La relazione con le persone ospiti non finisce con l’uscita dalla Casa. Ne parliamo con Iole Romano e Luisa Brembilla.
Ci sono esperienze di accoglienza in Casa della Carità che non terminano con l’uscita da via Brambilla, che sia verso un’altra comunità, in uno degli appartamenti gestiti dalla Fondazione o con l’assegnazione di un alloggio popolare. Alcuni di questi percorsi continuano, perché, afferma l’operatrice Iole Romano «creare legami con le persone ospiti e mantenerli nel tempo fa parte del dna della Casa».
Se infatti molte persone, una volta terminata l’ospitalità, sono completamente autonome, altre invece hanno ancora bisogno di sostegno.
Il benessere della persona è dato dalle relazioni
Iole per molti anni ha coordinato la comunità So-Stare, una vera e propria “casa nella Casa” dedicata a persone con fragilità psichiche, dove gli ospiti contribuivano alle attività quotidiane, sotto la supervisione delle operatrici e con il sostegno di volontarie e volontari. Molte di loro, finito il loro percorso a So-Stare, sono andate a vivere in autonomia ma, dice Iole «è un’illusione pensare che raggiungere l’obiettivo della casa possa farci dire “ok, quello che dovevamo fare l’abbiamo fatto”, perché in questi anni abbiamo toccato con mano che il benessere completo della persona non è dato soltanto dall’avere un tetto sopra la testa, ma è dato dalle relazioni».
E così tra gli ex ospiti di So-Stare c’è chi, settimanalmente o mensilmente, torna alla Casa per incontrare Iole, raccontarle come vanno le cose, chiederle supporto: «Sono persone che fanno fatica a muoversi da sole nella grande città, una solitudine che per alcuni può essere devastante, facendoli spesso arretrare in quelle abilità che avevano recuperato vivendo alla Casa della Carità. E quindi chiedono aiuto, per esempio, per questioni lavorative o affettive o anche solo per prendere un appuntamento per una visita medica, fare dei pagamenti o fare la spesa. Sono cose che possono sembrare banali, ma che per persone che hanno delle fragilità possono apparire insormontabili, generando un riflesso negativo sul loro benessere psicofisico».
Alcune di queste persone fanno fatica anche a mantenere i legami di amicizia che erano nati con gli altri ex ospiti e quindi la Casa della Carità è per loro un punto di riferimento, un luogo dove sanno di poter sempre tornare, dove passare anche solo per un saluto o per un pranzo insieme. «Sapere che c’è un luogo dove c’è qualcuno che ti ascolta, dà sicurezza e stabilità», conclude Iole.

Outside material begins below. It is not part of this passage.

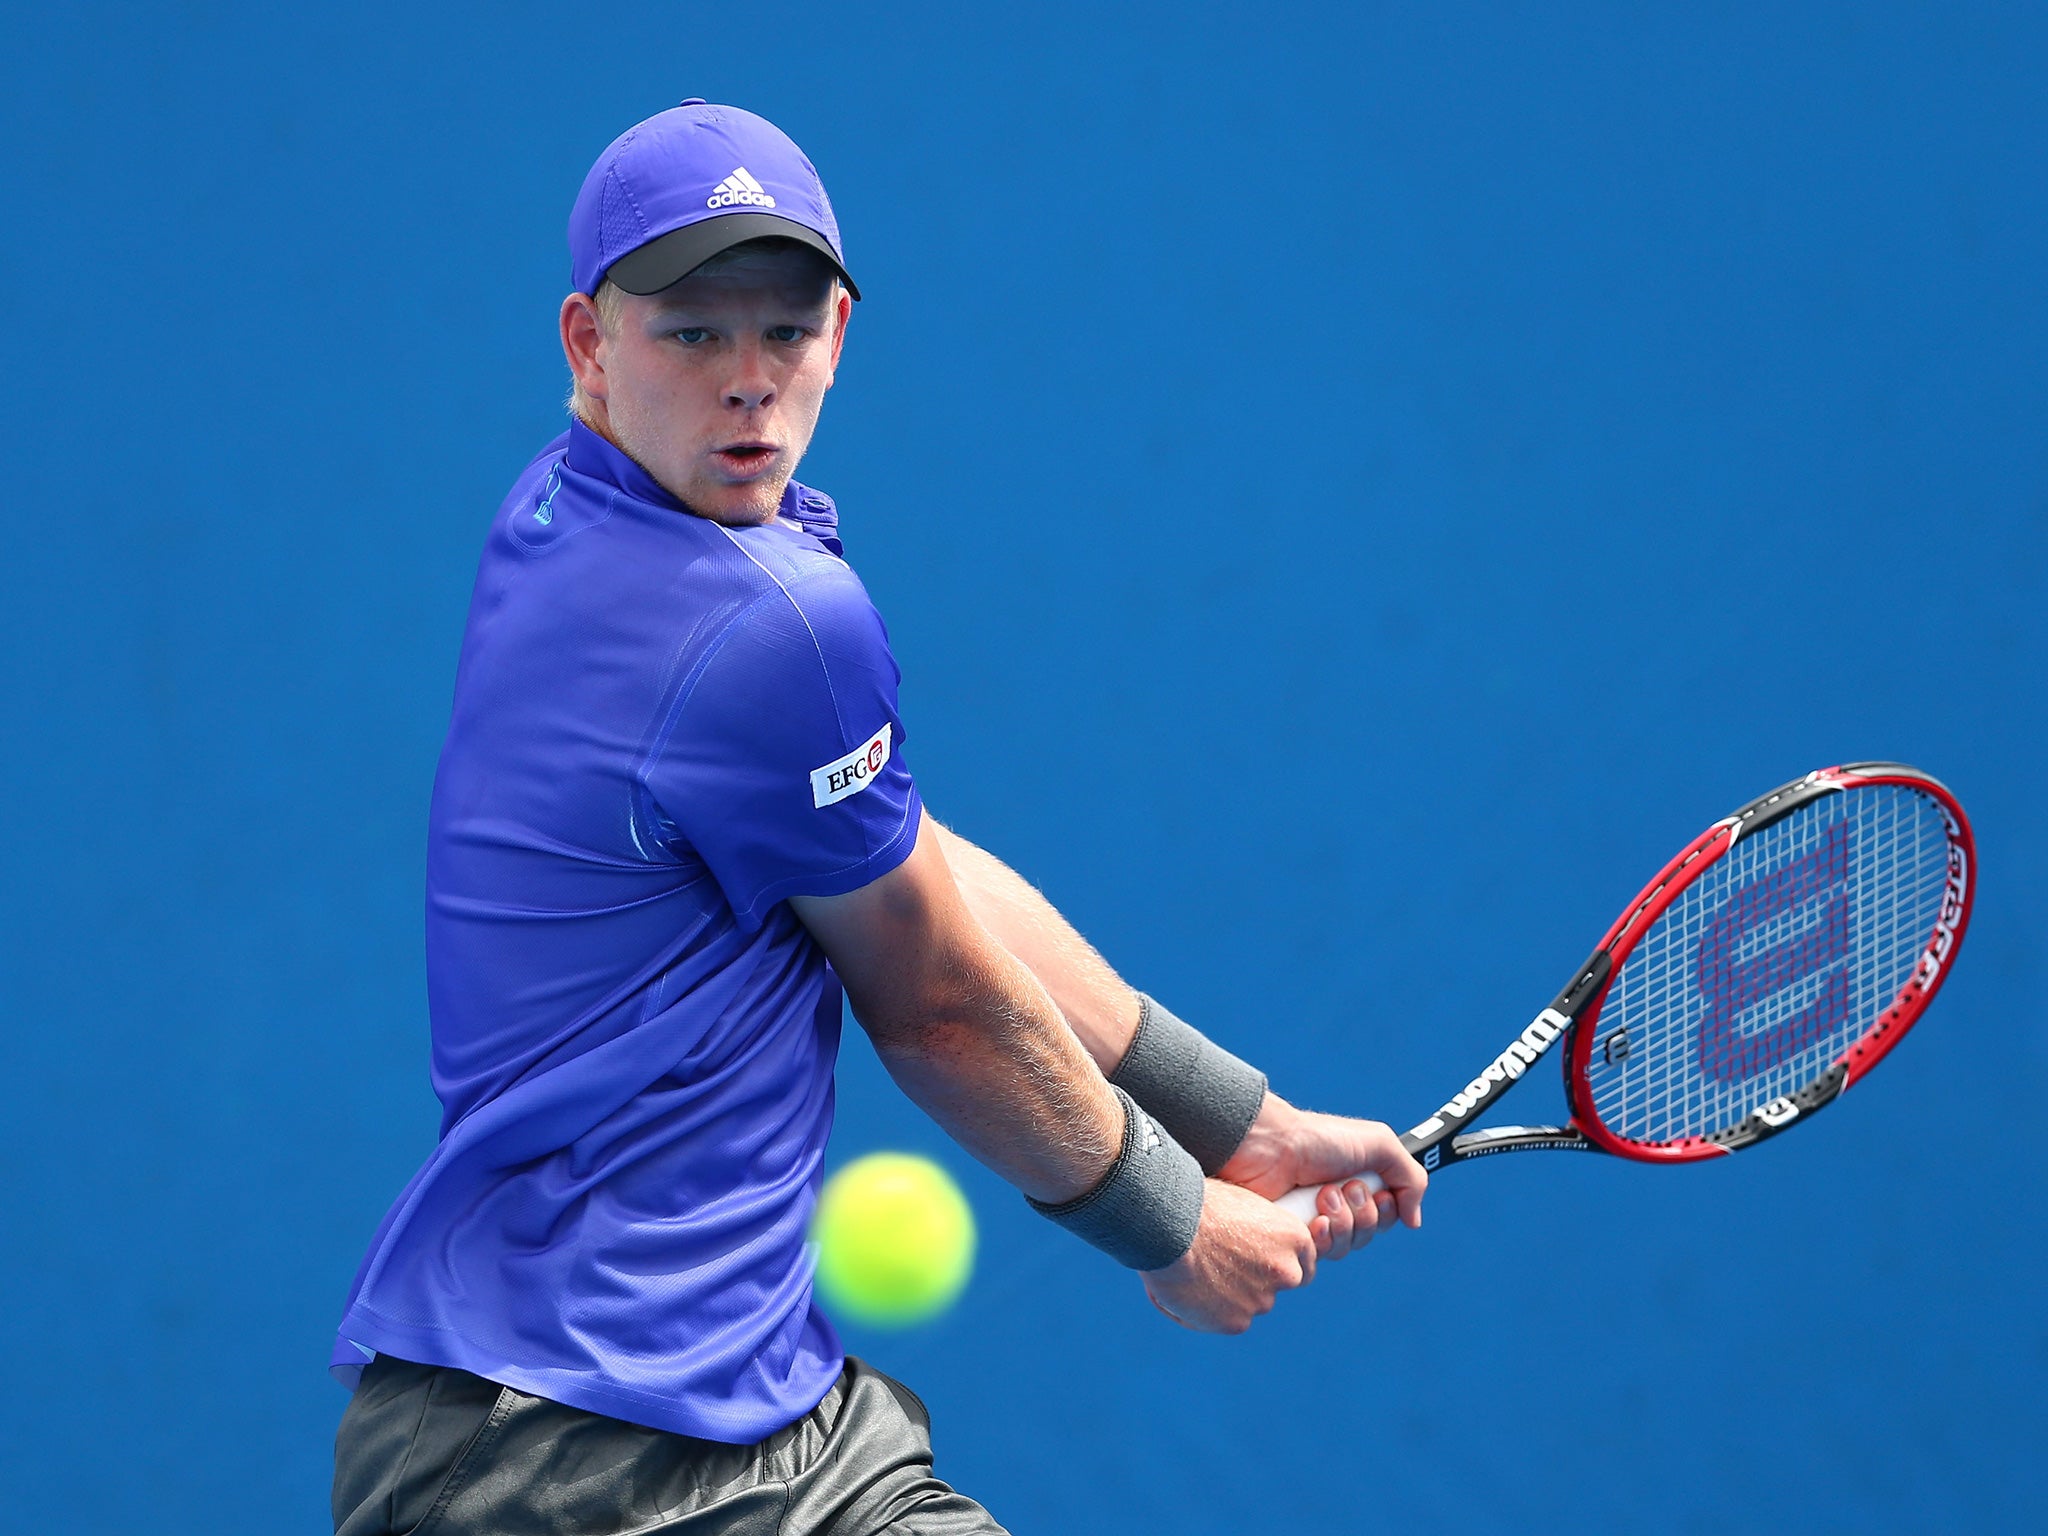 Edmund has already cleared his first hurdle at Roland Garros by beating Austria’s Gerald Melze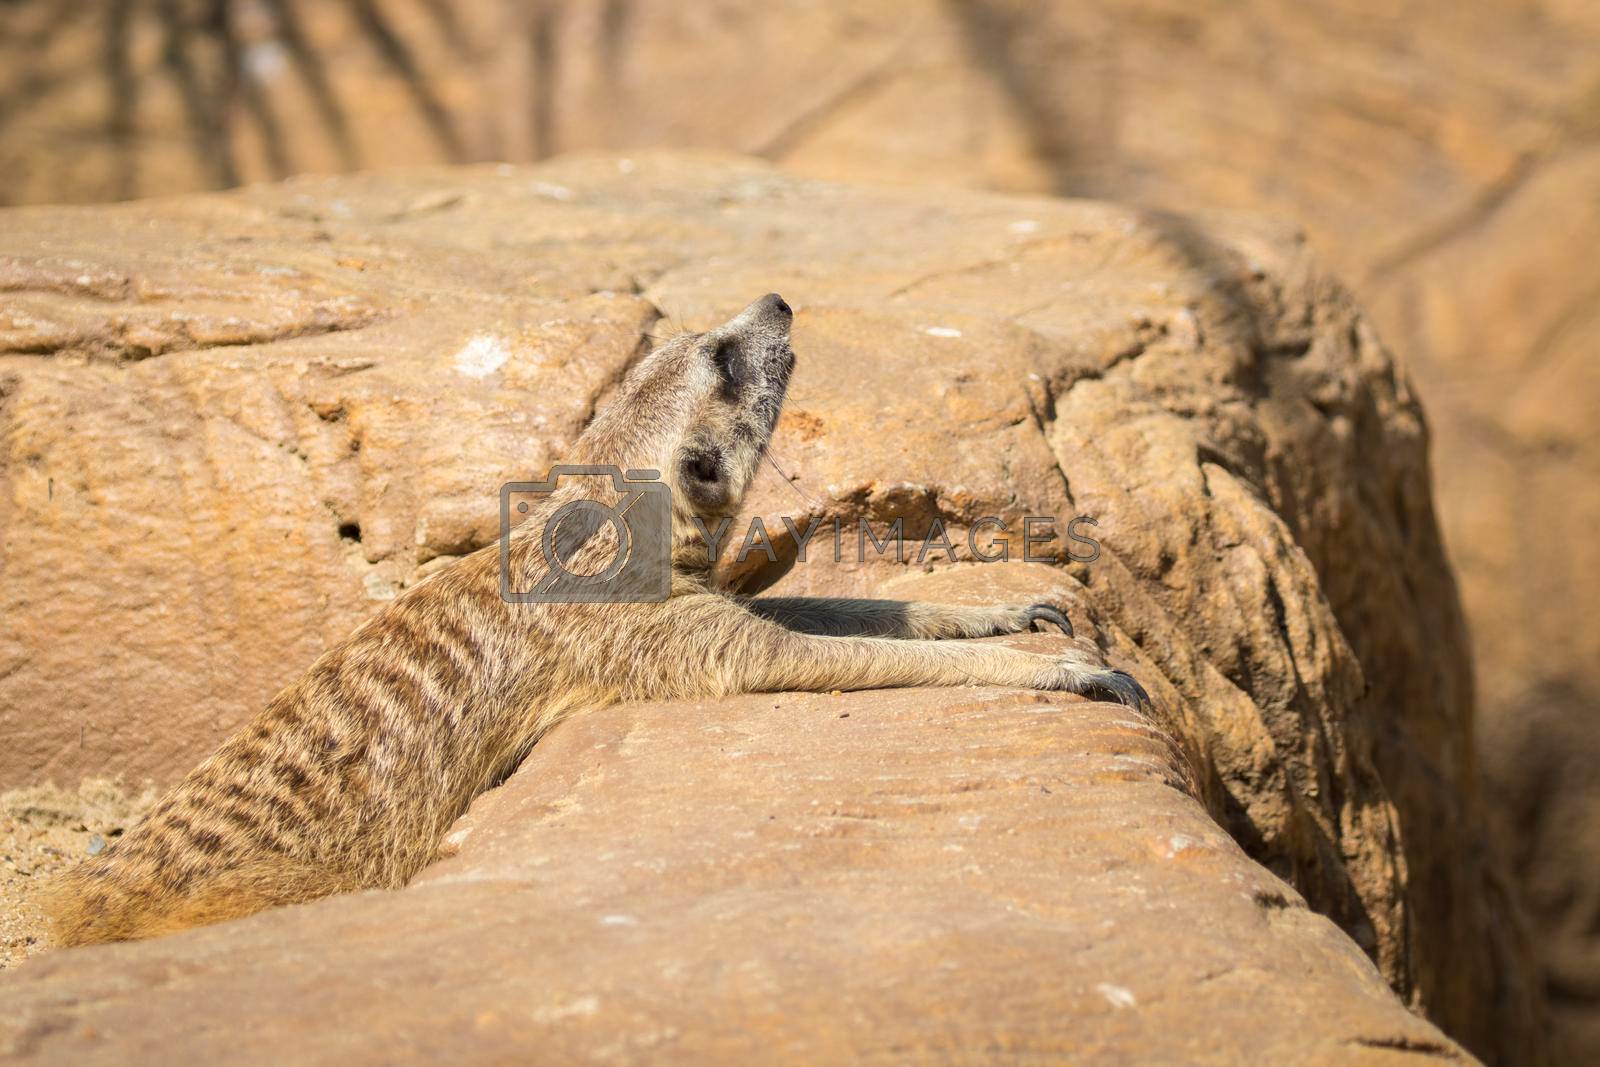 Royalty free image of Image of a meerkat or suricate on nature background. Wild Animals. by yod67

La Casa della Carità continua a essere un punto di riferimento
Dopo l’ospitalità alla Casa la relazione continua anche con quelle persone che vanno poi a vivere in uno degli appartamenti che la Fondazione gestisce sul territorio di Milano. Spiega Luisa Brembilla, che coordina queste accoglienze: «Sono ragazzi single, che arrivano dalla Casa o da Casa Francesco (la comunità per minori stranieri non accompagnati della Fondazione, ndr), che hanno un lavoro e una certa autonomia e la capacità di stare in piedi, senza bisogno di avere 4 paletti di sostegno, ma magari di uno solo».
Anche per loro la Casa della Carità continua a essere un punto di riferimento: «C’è chi passa solo per fare due chiacchiere e chi invece condivide di più, chiede consigli o aiuto nel gestire alcune cose, per esempio c’è chi mi lascia il bancomat per essere aiutato a gestire le spese», racconta Luisa.
Proprio sulla quotidianità è dato un supporto importante: «Vivendo soli per la prima volta, molti fanno fatica a gestire i consumi, a rispettare le scadenze dei pagamenti, a gestire il risparmio. E poi c’è l’aiuto e il consiglio sul rispetto delle regole di convivenza in un condominio. Sono cose che possono apparire piccole, ma che, se mal gestite, possono rovinare le relazioni nel contesto in cui vivono», dice Luisa.